Personal information
- Full name: Franco Dario Cángele
- Date of birth: July 16, 1984 (age 40)
- Place of birth: Buenos Aires, Argentina
- Height: 1.80 m (5 ft 11 in)
- Position(s): Forward, Attacking Midfielder

Youth career
- Boca Juniors

Senior career*
- Years: Team / Apps / (Gls)
- 2002–2004: Boca Juniors / 36 / (7)
- 2005: Independiente / 11 / (0)
- 2005–2007: Colón / 30 / (6)
- 2006–2007: → Sakaryaspor / 26 / (7)
- 2007–2013: Kayserispor / 82 / (18)
- 2013–2014: Boca Juniors / 6 / (0)
- 2014–2015: Elazığspor / 20 / (2)
- 2016: Boca Unidos / 18 / (8)
- 2016: Argentinos Juniors / 0 / (0)
- 2016: Boca Unidos / 14 / (4)

International career
- 2003: Argentina U-20 / - / (-)

= Franco Cángele =

Argentine footballer (born 1984)

Franco Cángele (born 16 July 1984 in Francisco Madero, Buenos Aires) is an Argentine footballer, who played as a forward.

Cángele went through the Boca Juniors youth system to make his debut for the club in 2002, he played a total of 57 games for the club in all competitions, scoring 10 goals. Cángele won three trophies in his time at Boca; the Primera Division Argentina Apertura 2003, the Copa Libertadores 2003 and the Copa Sudamericana 2004.

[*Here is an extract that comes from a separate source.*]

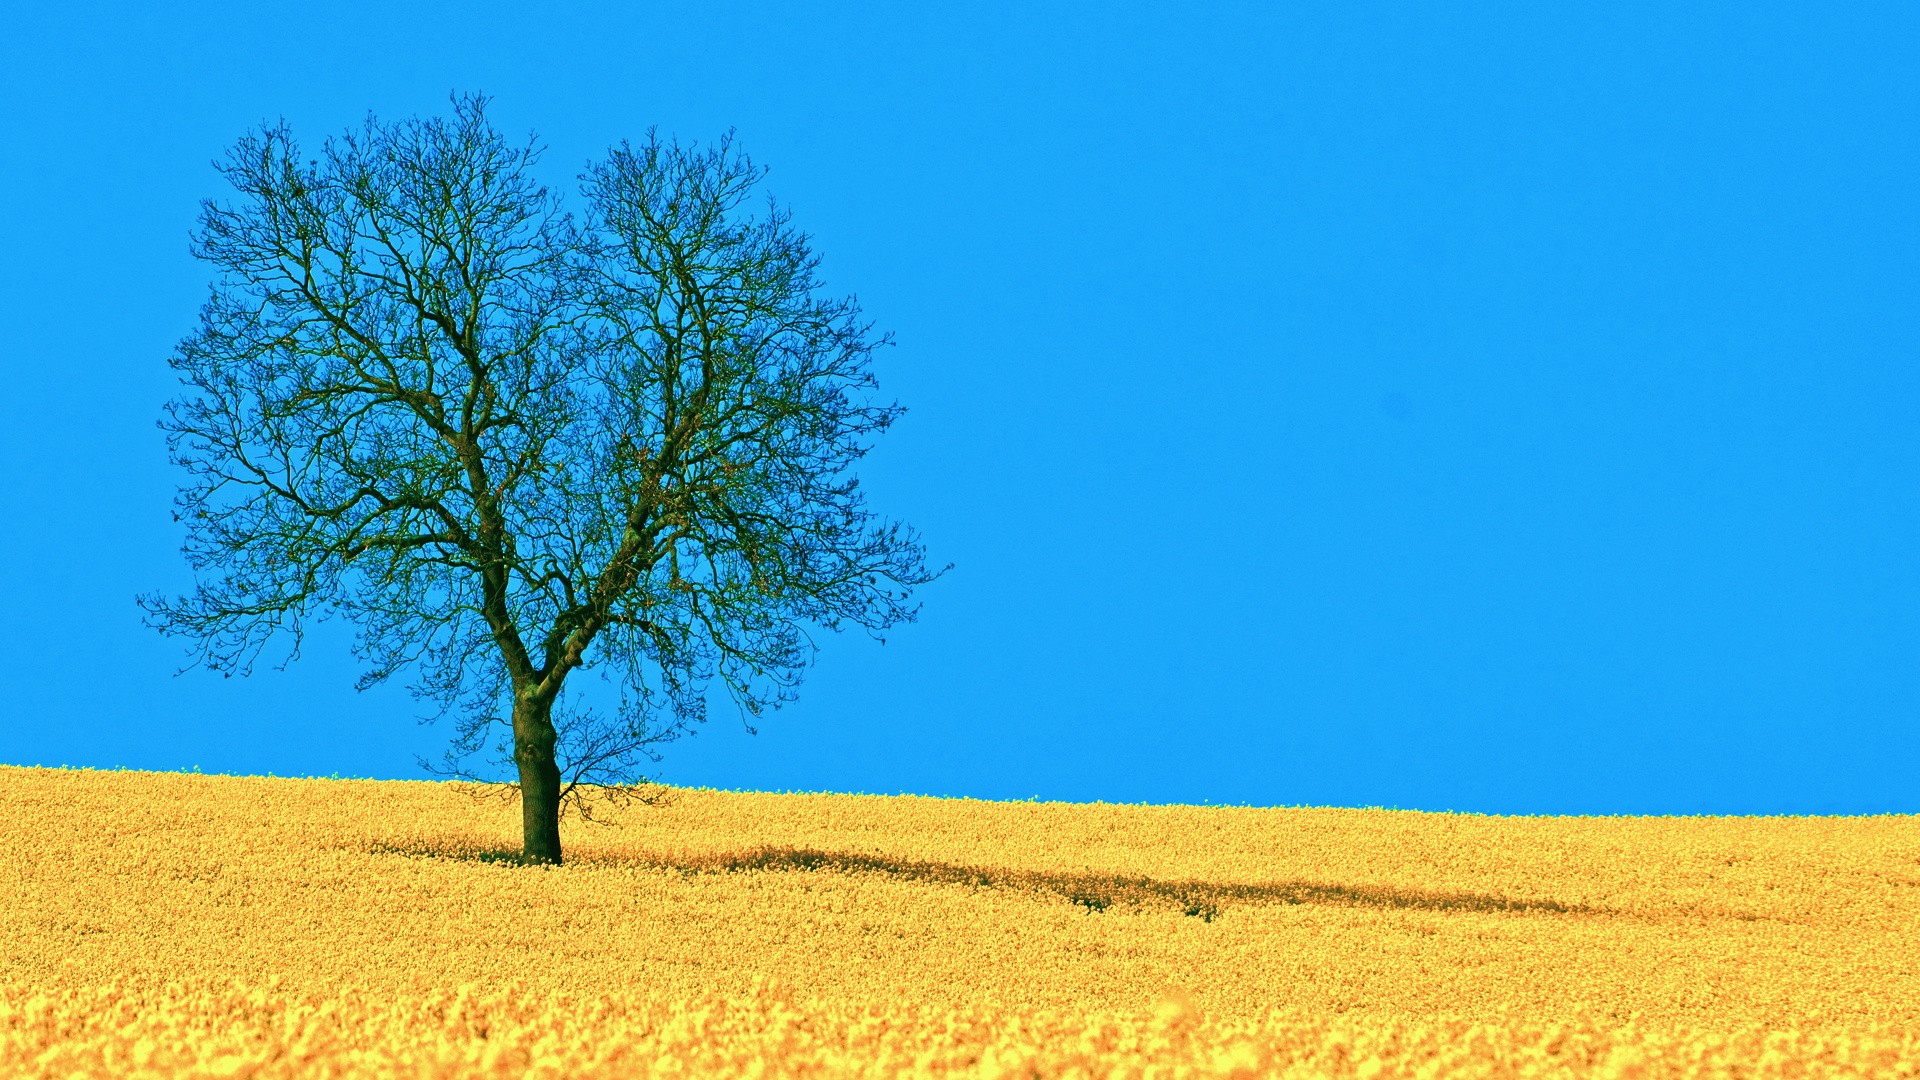 landscapes_nature_horizon_trees_blue_skies_lone_tree_1920x1080.jpg
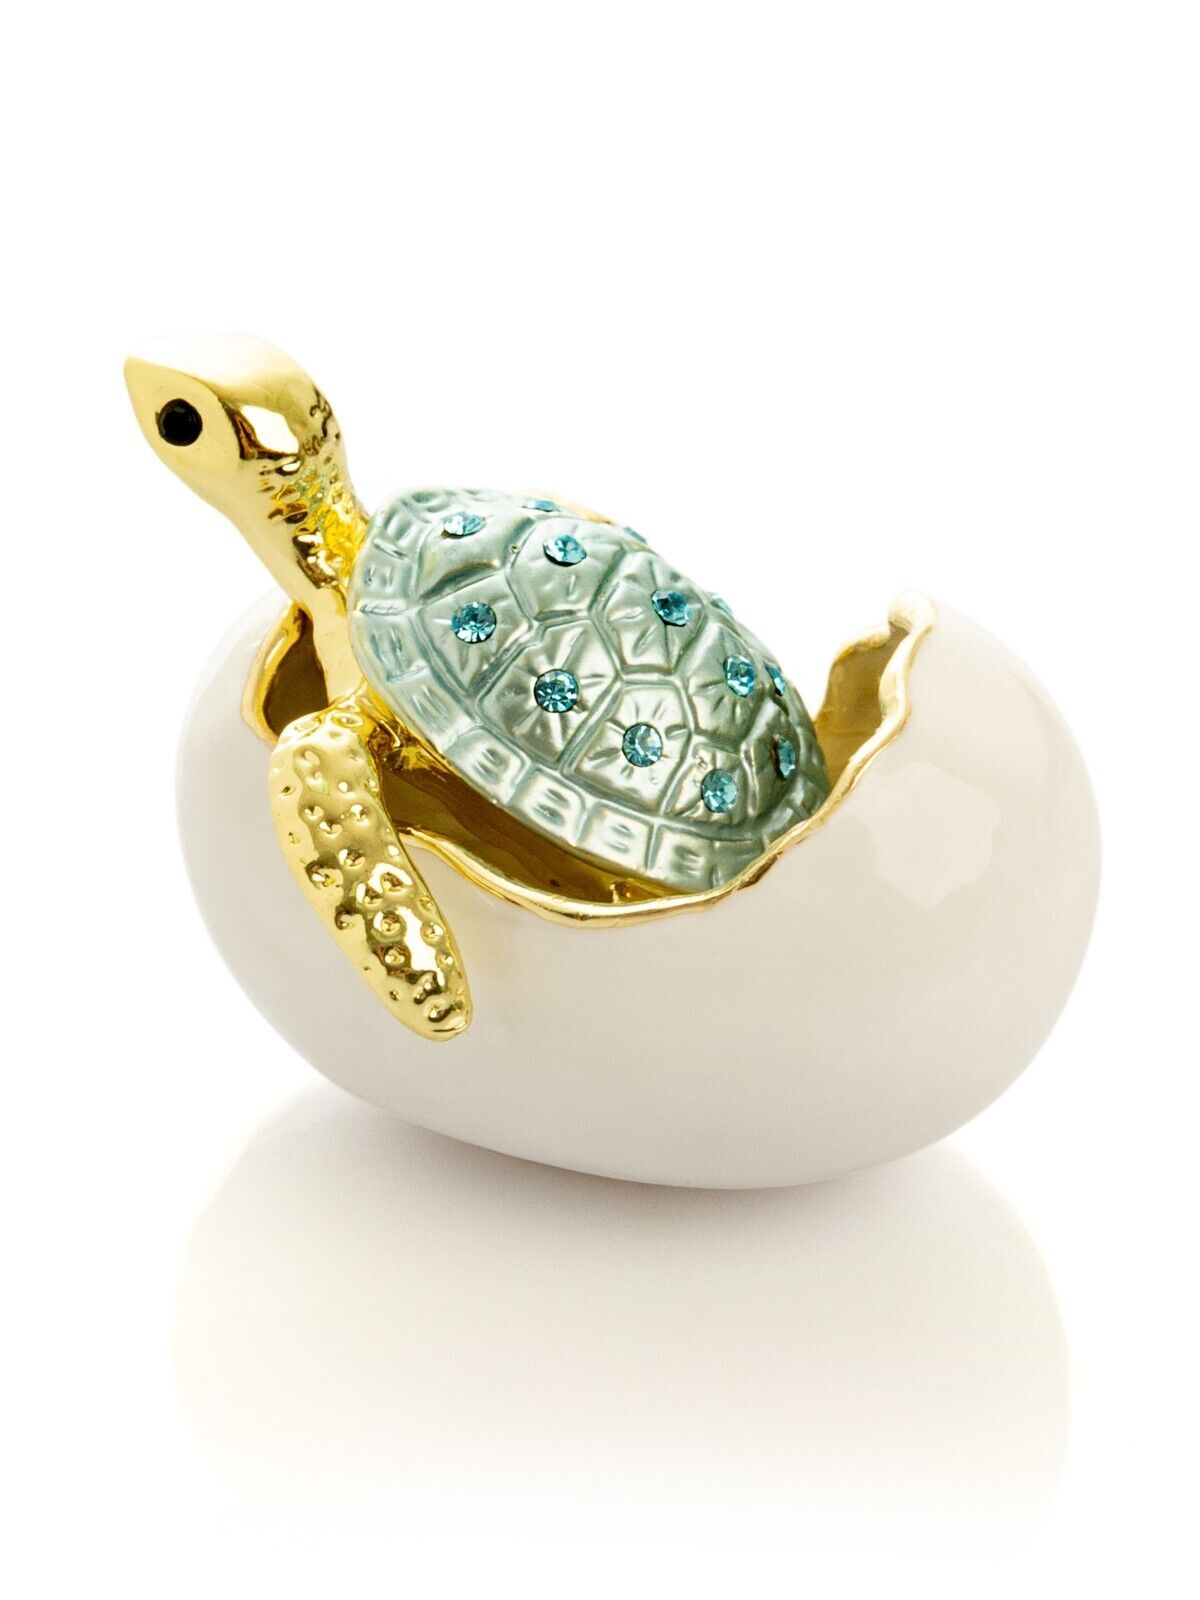 Keren Kopal A Turtle hatches  Trinket box  Decorated with Austrian Crystals

In 2005 Cángele was transferred to Club Atlético Independiente and then later that year to Colón de Santa Fe. In 2006 and fellow Colón teammate Alejandro Capurro signed contracts with Sakaryaspor in Turkey.

In 2013 Cángele left Turkey for a personal problem, and after a few months training with the first team of Boca Juniors. He confirm the return to the first team this season.
The day 27 of June 2013 Franco, in dialogue with Argentinian Radio La Red on Buenos Aires declare "I am a Boca Juniors player again. I just know about it," declare the midfield of 28 years. As well he added:"I can play as a winger or as a second striker," he predicted, excited for the chance to back to the first team of Boca Juniors.

==Honours==

| Season | Club | Title |
|---|---|---|
| 2003 | Boca Juniors | Primera Division Argentina |
| 2003 | Boca Juniors | Copa Libertadores |
| 2004 | Boca Juniors | Copa Sudamericana |
| 2007 | Kayserispor | Turkish Cup |

==International career==

He came to international attention playing for the Argentina Under-20 team in the 2003 FIFA World Youth Championship in which Argentina finished fourth overall.